SA Mens Spring 17: Small miracles, Mai Atafo’s Sartorial Thursday is completely free of gimmicks.

If you are an ardent follower of Nigerian fashion, and Nigerian menswear in particular, then a cursory look at the new Mai Atafo collection will definitely put you in your feelings. For those not aware, the eponymous design label is one of the most ambitious in Nigeria, with three distinct lines, Mai Atafo inspired (a menswear line), Mai Atafo (a women’s wear Line) and Mai Atafo bridals. Helmed by a team of Savile Row trained tailors and a clientele list that features a grand number of Nigerian celebrities and business people, we’ve come to expect a kind of aesthetic from the label; safe, sometimes gimmicky but almost always predictable. Especially when it came to the label’s menswear.

While innovative design in the label’s women’s wear line helped distinguish it as a serious label interested in advancing design in Nigeria (honorable mentions would be the label’s Spring 15 collection that saw take on the Niger Delta’s traditional menswear and rework it for women and the label’s Spring 16 print collaboration with fetish artist Laolu Sebanjo), the label has marketed itself as the menswear label you went to for an ‘edgy’ twist on the classic. This ideal was  interpreted as a conveyor belt of suits differentiated only by where they fall on the colour wheel or what ‘unexpected’ print that got its day on the runway. We came to expect excellent tailoring from the label, but little else. And with the sheer number of younger ‘bespoke’ menswear labels that poured into the industry, it became harder and harder to distinguish the label from the fray.

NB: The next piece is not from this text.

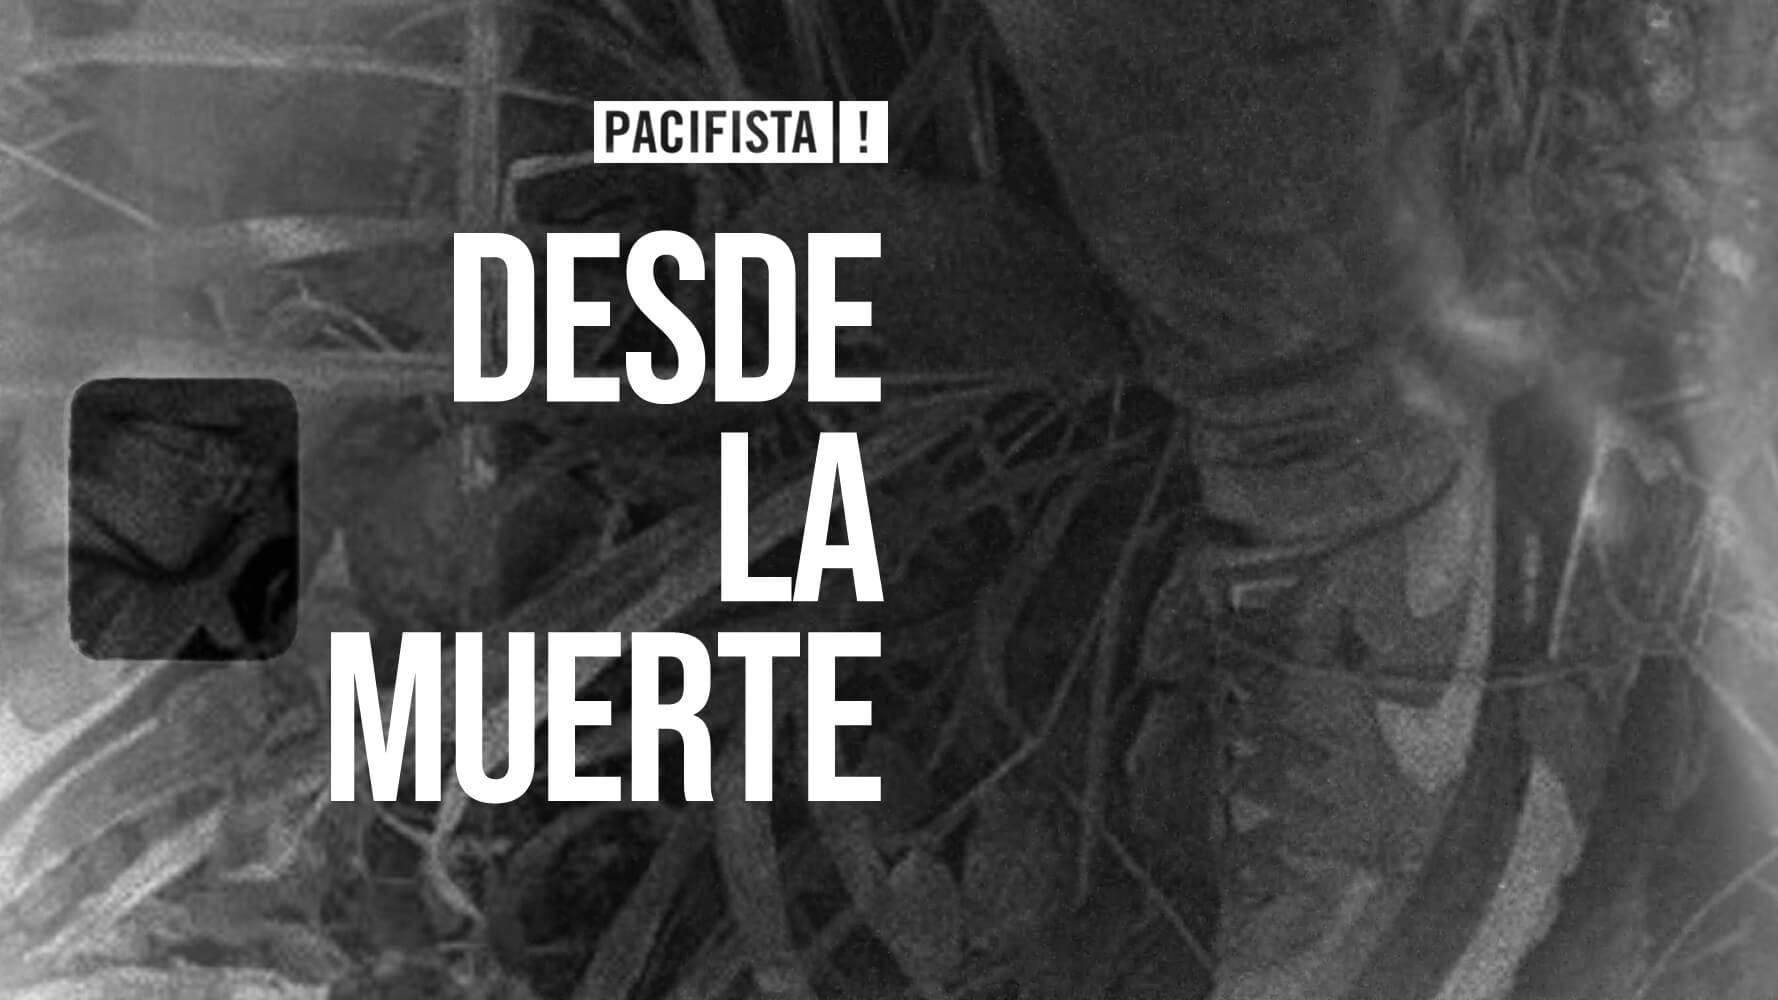 PACIFISTA! presenta: Desde la muerte
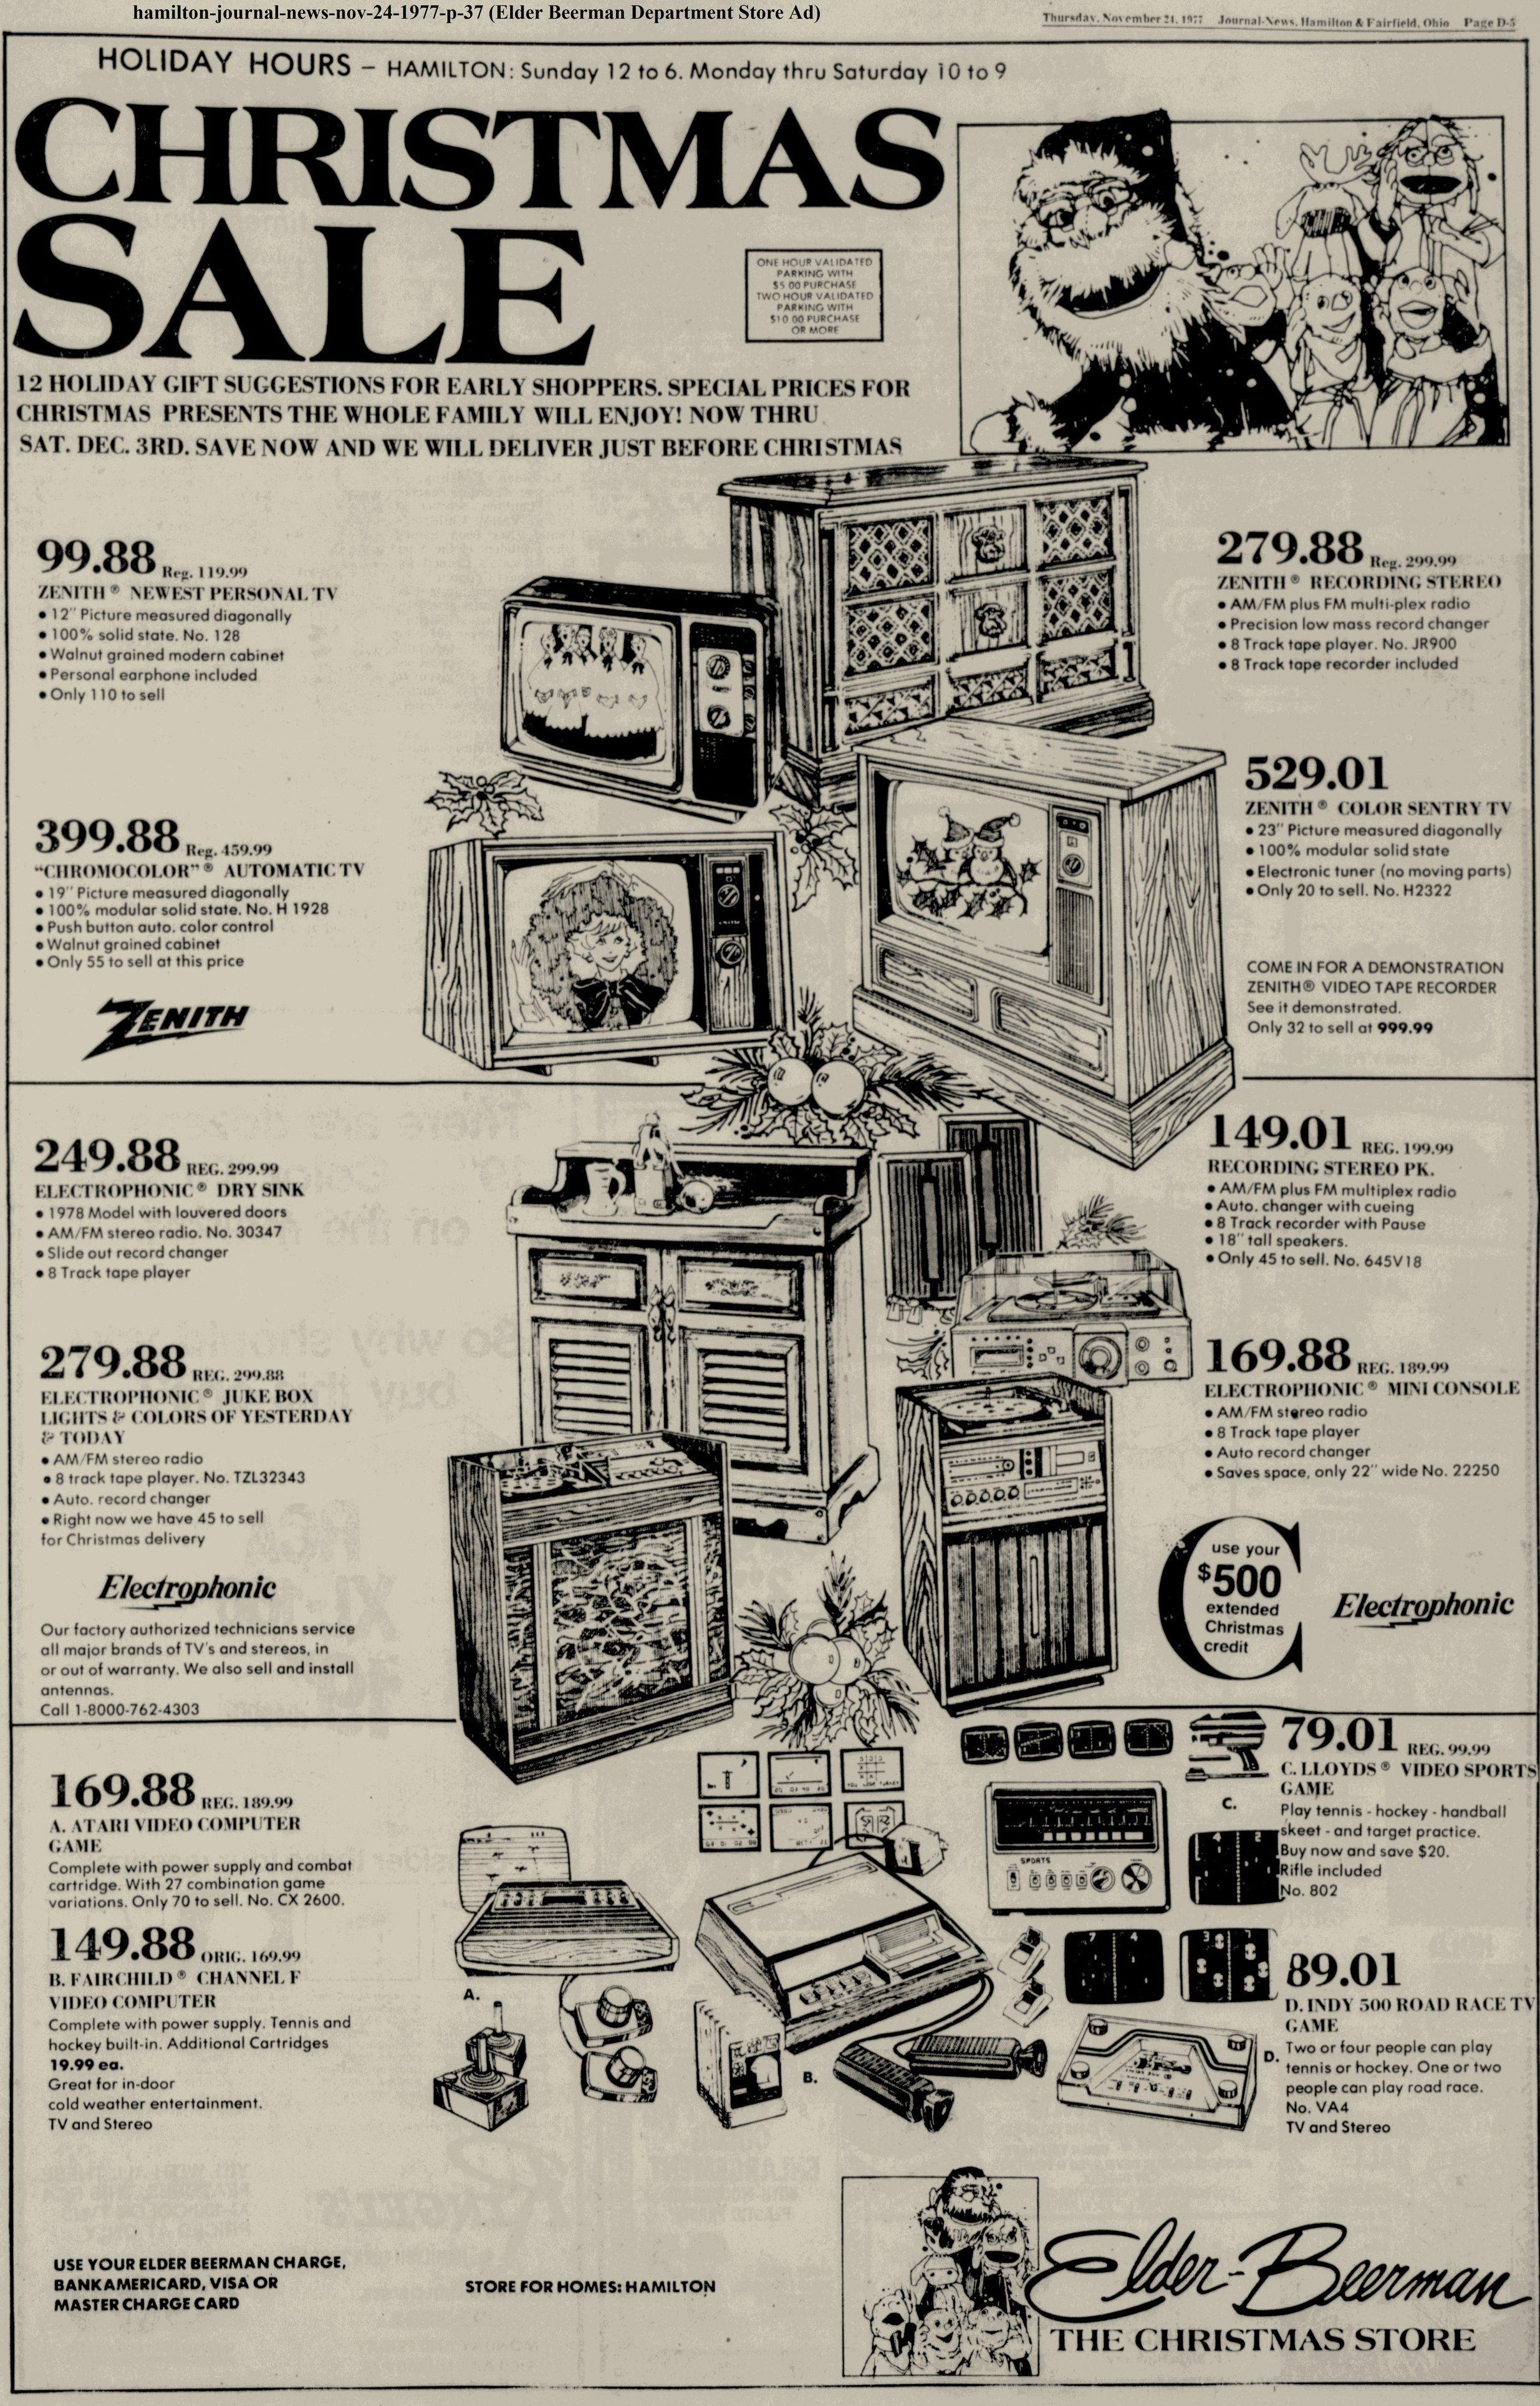 Elder Beerman department store ad in the Hamilton

When it was announced Mai Atafo had been invited to show (a second time) at the South Africa Menswear Week Spring 17 showcase, we wondered if this was this push the label needed to up its game. Turns out it was. Not much changed at first glance, the clothes are still easy to the point of distraction, but there is one important difference. There are no more gimmicks. Mai Atafo this season draws entirely from the creative director’s personal wardrobe. Kaftans, shirts, bomber jackets, and trench suit cut like a wrap dress, each piece is simply designed to fit right into the everyday man’s wardrobe. We were delighted to see save for a handful of burnt yellow ensembles (old habits die hard) the palette was matte, the clothes ran the spectrum of what a modern metrosexual might require in their everyday life.

Accepting that their clothes (and price points) are only truly accessible to an older demographic with less leeway for experimentation allowed the label do their best work. It took half a decade but here we are.